Dennison, of the Original Pancake House, said in addition to Trump’s tariffs, he’s concerned that mass deportation efforts could produce a shortage of agricultural workers, further raising ingredient prices.

Owner of the Fresno, California Crazy Squirrel Game Store Jax Ward said she is experiencing both the “chaotic way it’s been handled,” which makes customers hesitant to spend money. Ward claimed that her peers in the game industry group, the Game Manufacturers Association, have heard similar reports.

A few publishers of tabletop games she sells have told Ward “they won’t be publishing this year, or they’re laying off employees, and that they’ve left manufactured products in China because it’s now far too expensive to import them”.

She claimed that everything from dice to games are produced overseas. It would be difficult for me to come up with a few products that are both US-made and made from natural resources.

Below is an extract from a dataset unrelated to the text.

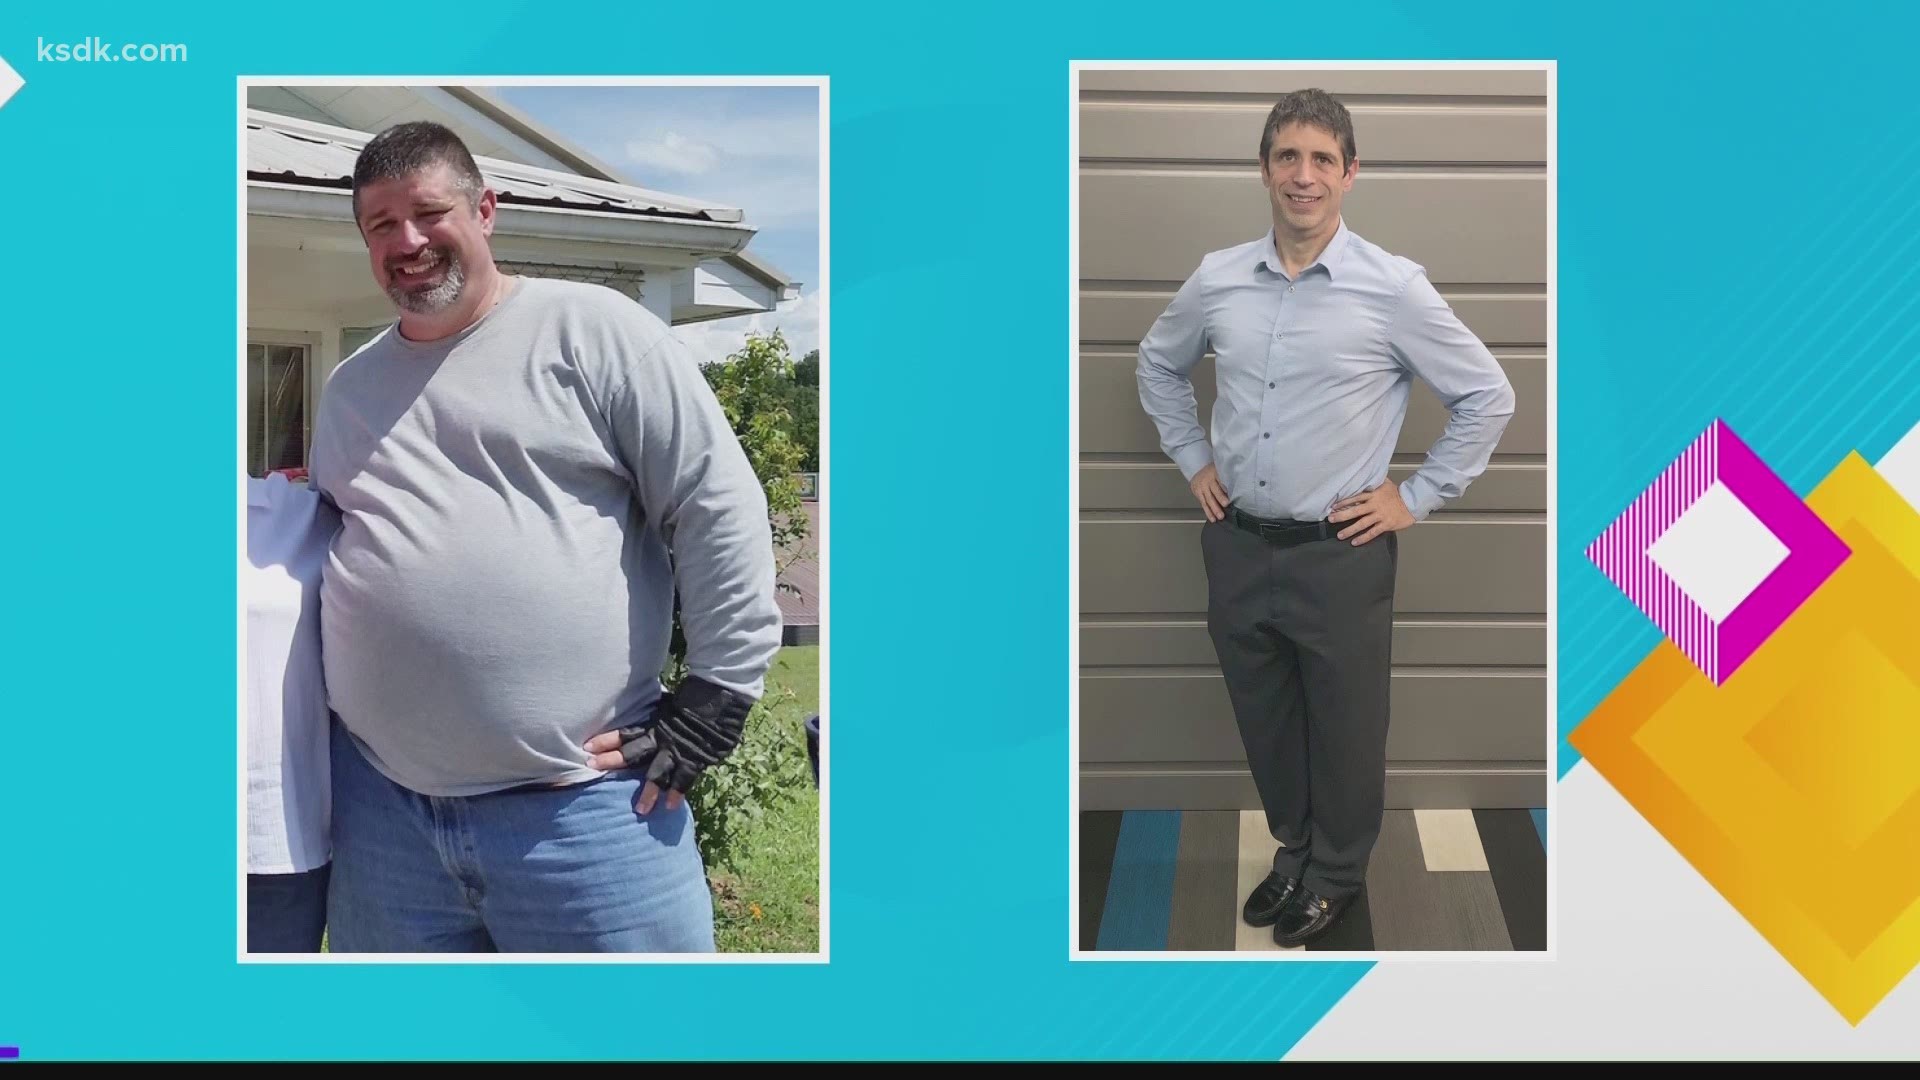 Charles introduces us to another successful client, Jerry Counts, who was able to lose 155 pounds.

For now, Ward said she is shifting some of her business to used games, including a large Lego section, and in-person events at her store. She also tries to pre-stock items before tariffs start to apply, but she said not every company can do so because it requires a stable cash flow and enough storage space.

Ward said she is aware of a few store owners who are considering shutting down their businesses. “Boardgame sales used to be considered recession-proof”, Ward said. We’ll check to see if they’re still there.